Alibis of course could be found if needed, but those are of little concern in this context. What is relevant is that India’s modest achievements two decades into a uranium enrichment program should have provided it with quite a realistic picture of the technical constraints faced by Iran’s nuclear research. There was no reason in other words, why India should have bought into the grossly inflated assessment of the U.S., that Iran was menacingly close to acquiring adequate fissile material to assemble a weapon. That it did so is testimony to the fact that the strategic partnership with the U.S., involves not merely a sacrifice of principle, but a quite arrant disregard for facts.

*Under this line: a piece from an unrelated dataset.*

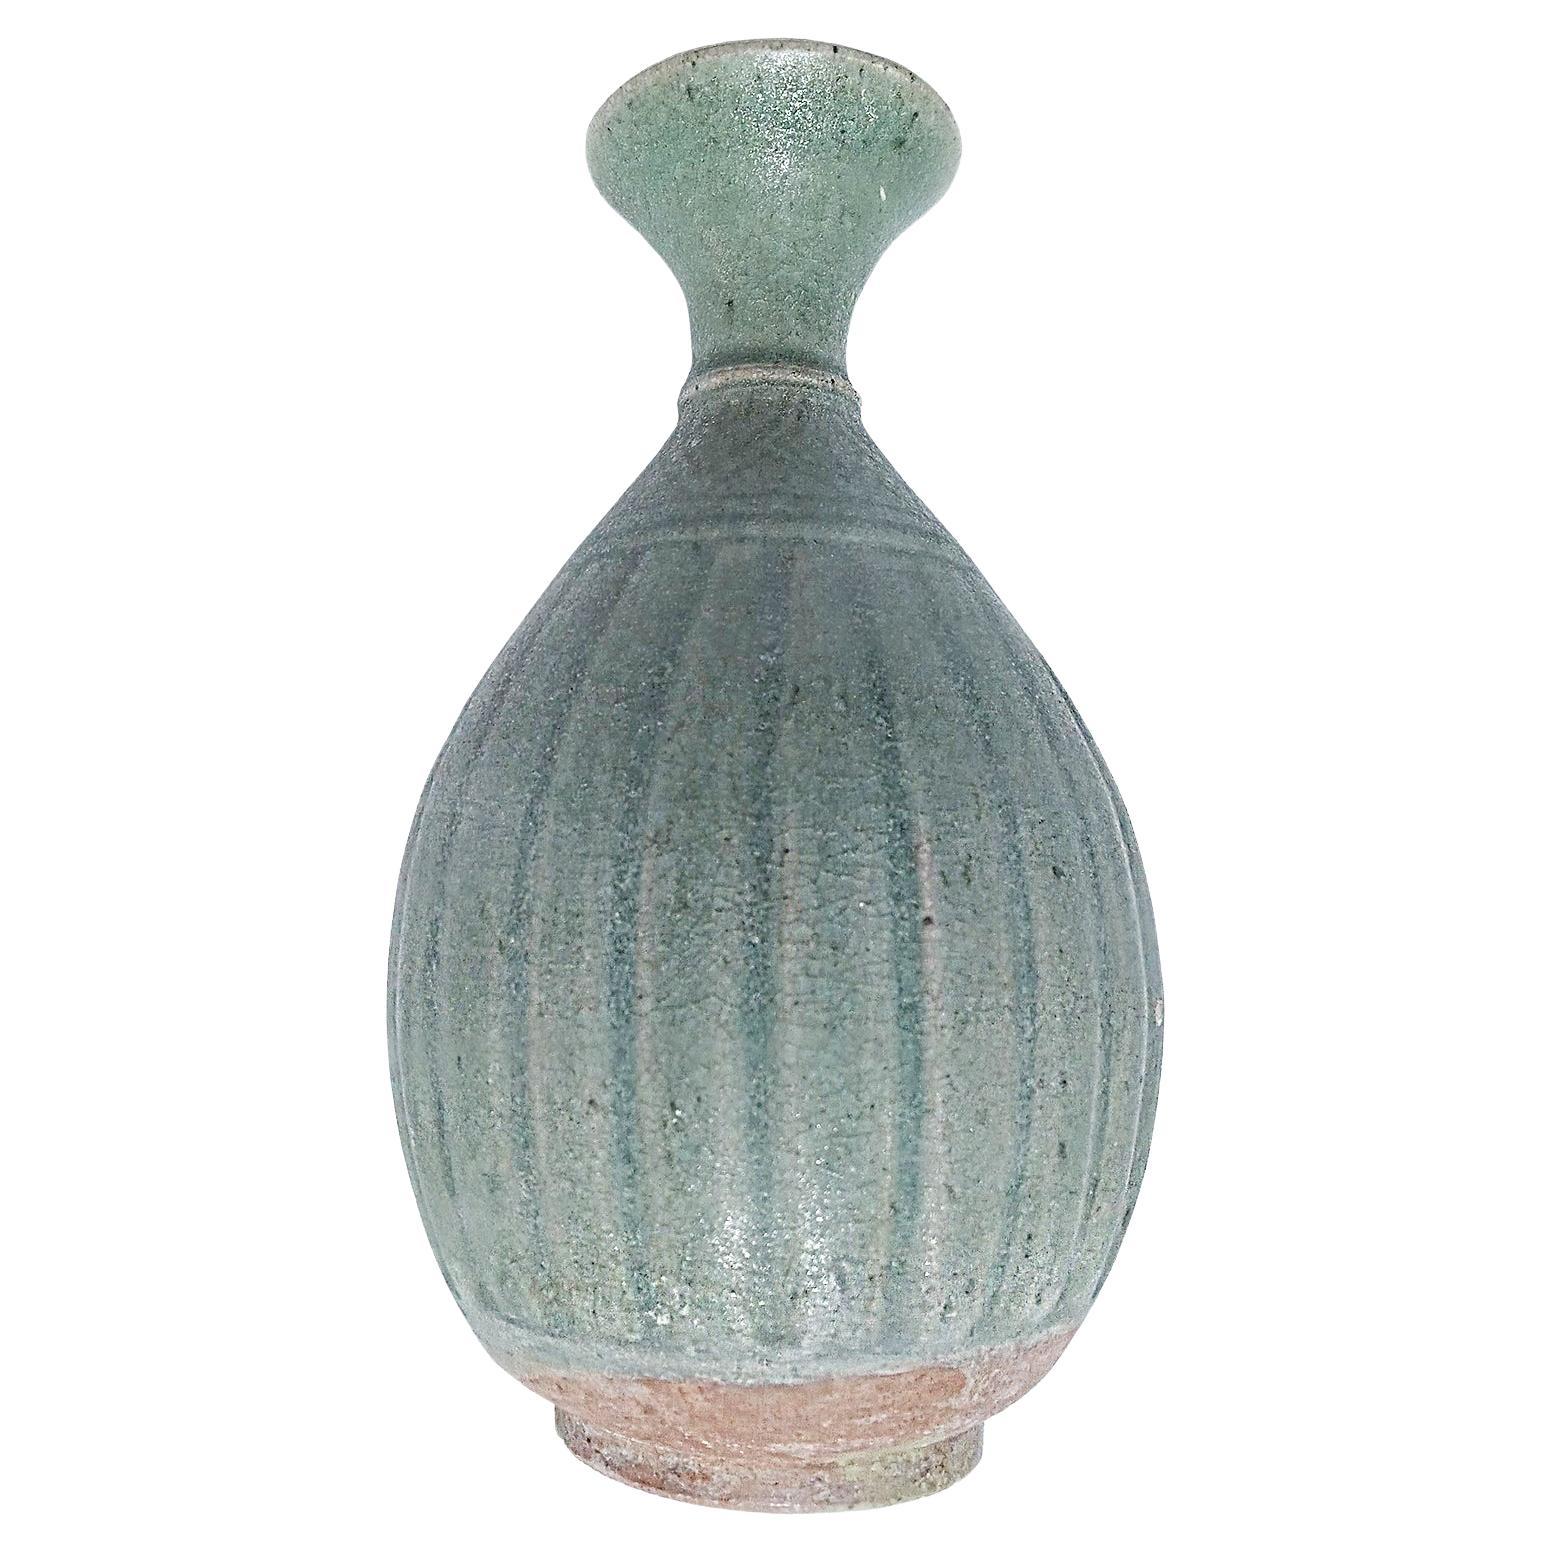 Thai Celadon Vase, Late 19th Century

The first down payment on the deal with the U.S. fell due rather rapidly. Within days of Bush’s Indian sojourn, the IAEA met in Vienna to debate the Iranian nuclear research program. Prime Minister Manmohan Singh had, just hours before, spoken to Russian President Vladimir Putin, seeking to ensure that the debate remained confined within the IAEA. He also upheld India’s belief that Iran should have access to the full range of nuclear technologies for peaceful purposes.
A last-minute Russian gambit failed, which would have transferred industrial scale uranium enrichment out of Iran, allowing that country only the limited option of laboratory scale experiments. Rudely flouting the assurance of the NPT that every member-state has the right to access nuclear technologies for peaceful purposes, the U.S. has repeatedly announced that Iran cannot be trusted with any stage of the nuclear fuel cycle. The most recent affirmations – from Vice President Dick Cheney and U.N. ambassador John Bolton -- came at the policy conference of the American-Israeli Political Action Committee (AIPAC), which devoted a substantial part of its three-day annual event to Iran.

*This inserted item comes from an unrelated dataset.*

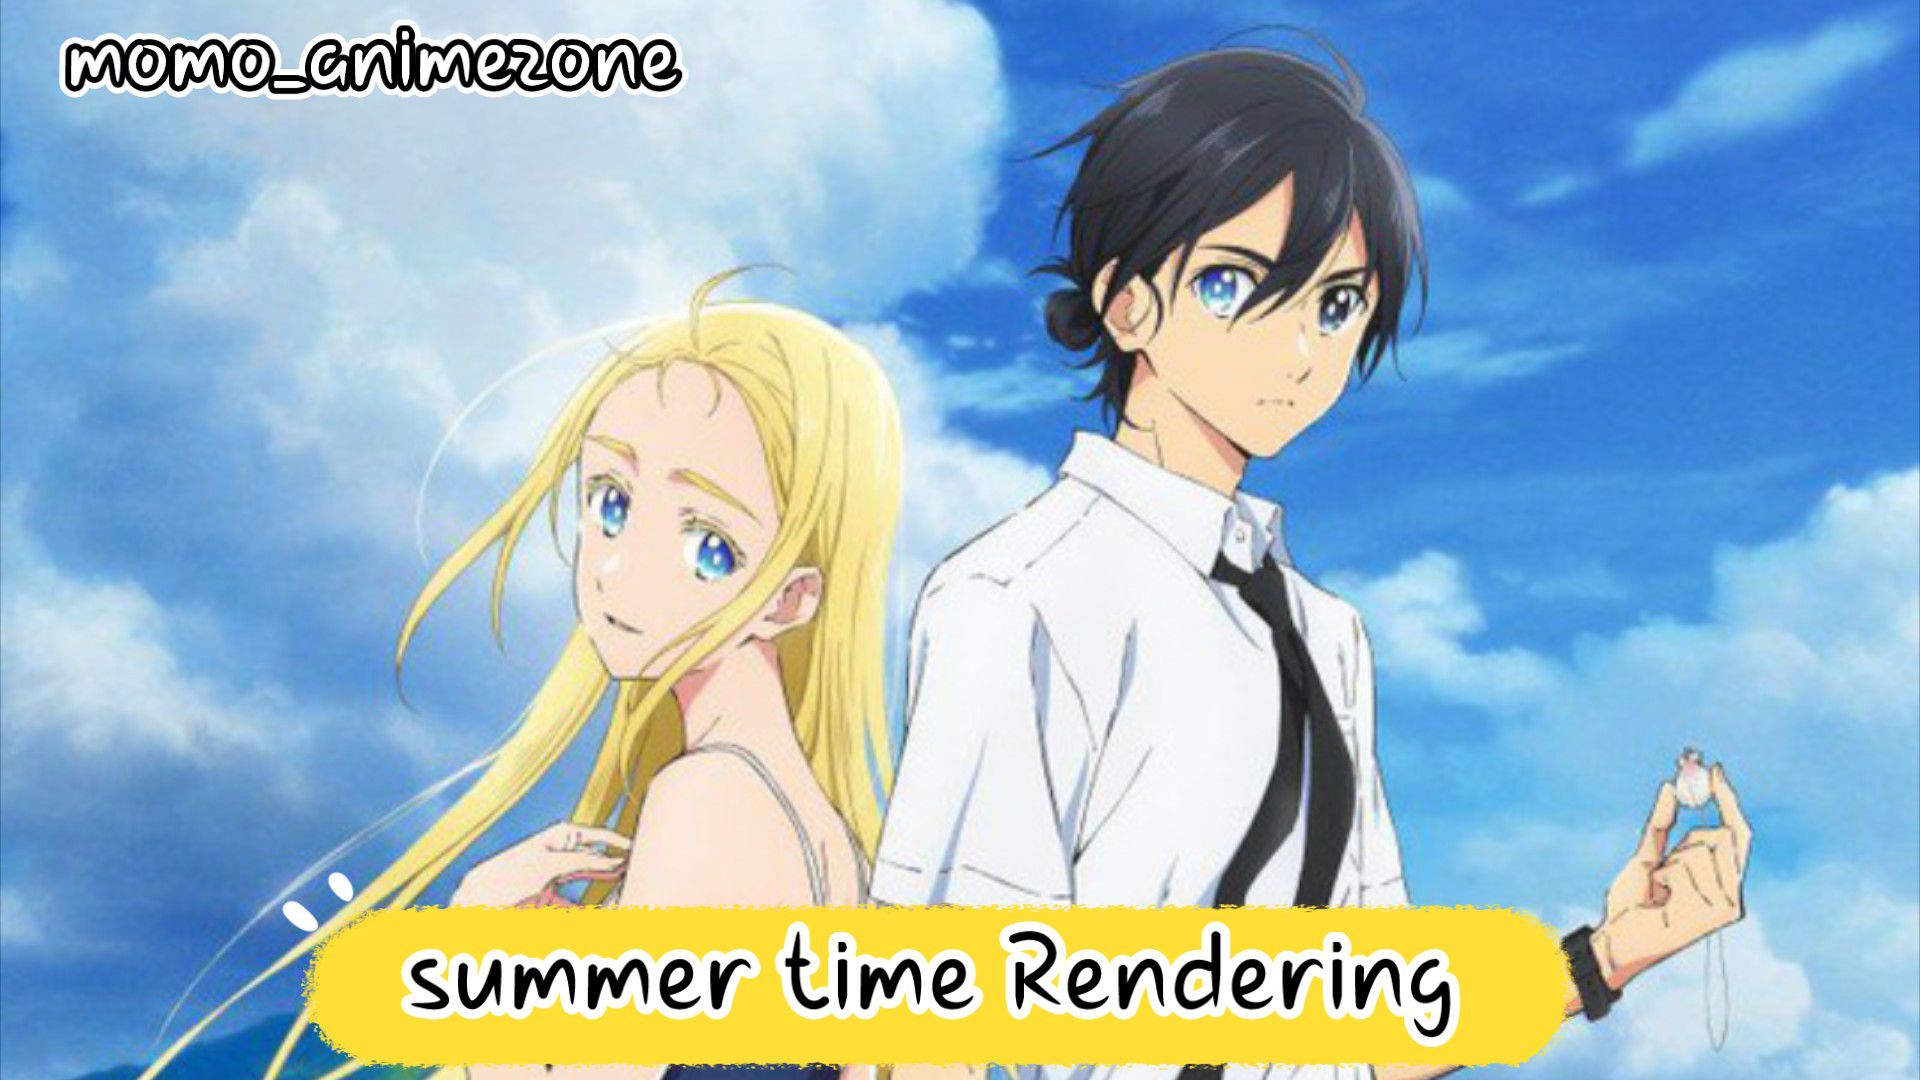 Summertime Rendering Ep 6: Data de lançamento, assista online

Using the same platform, Daniel Gillerman, the Israeli ambassador to the U.S., engaged in a rhetorical flourish that could have been taken straight out of any political bigot’s notebook: “While it may be true -- and probably is -- that not all Muslims are terrorists, it also happens to be true that nearly all terrorists are Muslim”.

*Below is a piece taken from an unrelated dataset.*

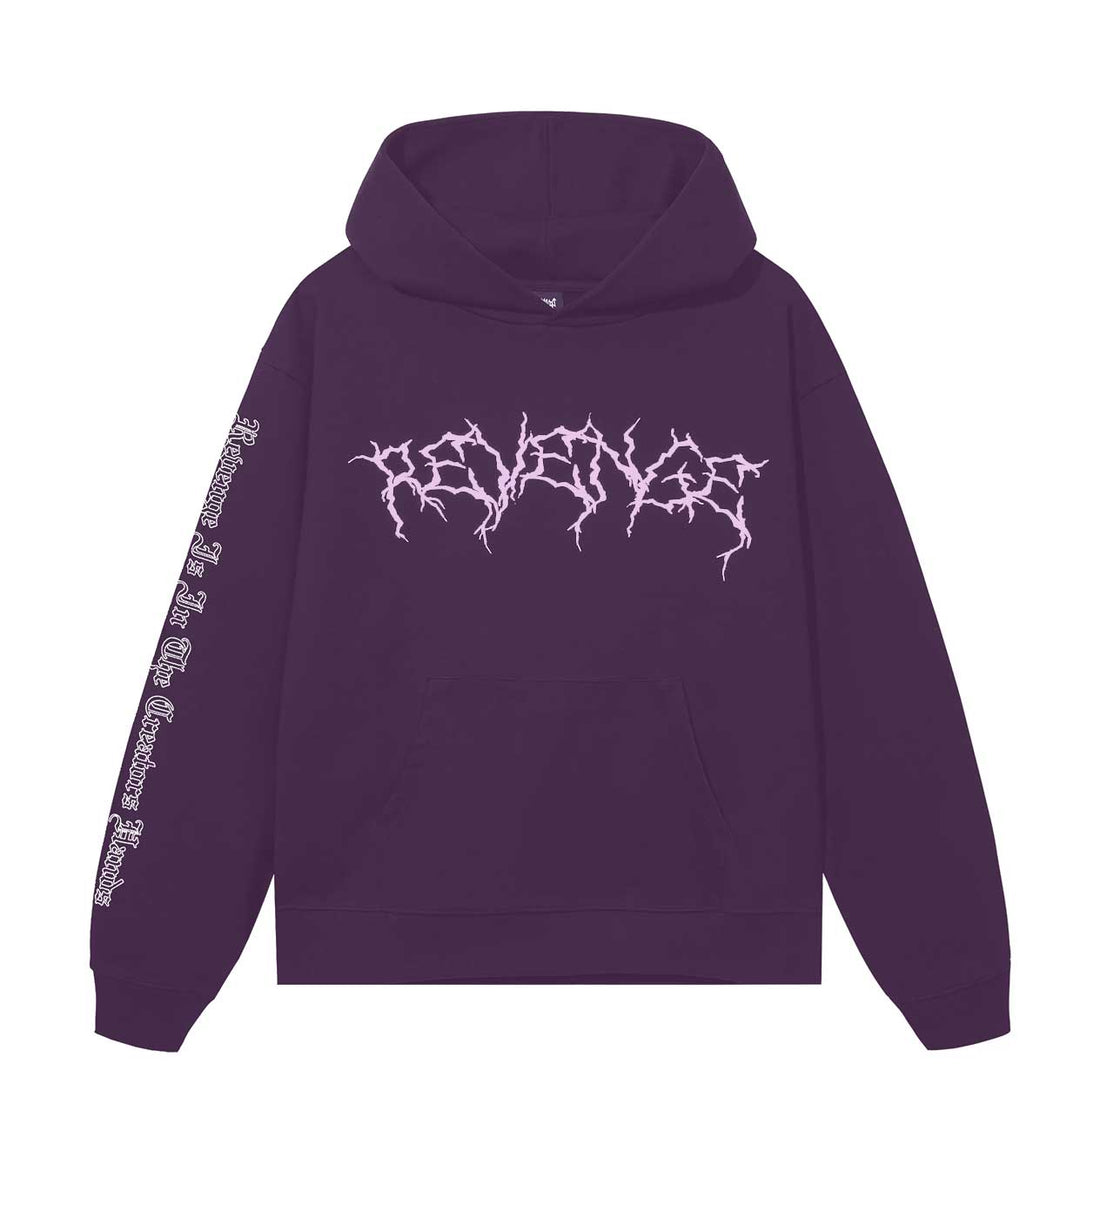 Revenge Xxxtentacion Lightning Hoodie Purple Front View

India has reason to worry about the company it is getting into. Addressing a carefully chosen audience in the picturesque environs of Delhi’s Purana Qila, Bush announced just before he left, that the U.S. and India are today “closer than ever before”. Indeed, there was no way that the two countries could shirk their common destiny of “leadership in the cause of democracy”. Should India buy into these rather quirky definitions – whether of “terrorism” or “democracy” -- it may well find itself a house divided against itself. And that would be a steep price to pay for the illusory security of nuclear deterrence.
(ENDS)
[1] Ashley J. Tellis, India as a New Global Power, India Research Press, Delhi (under licence from the Carnegie Endowment for International Press, Washington DC), 2005, pp 121.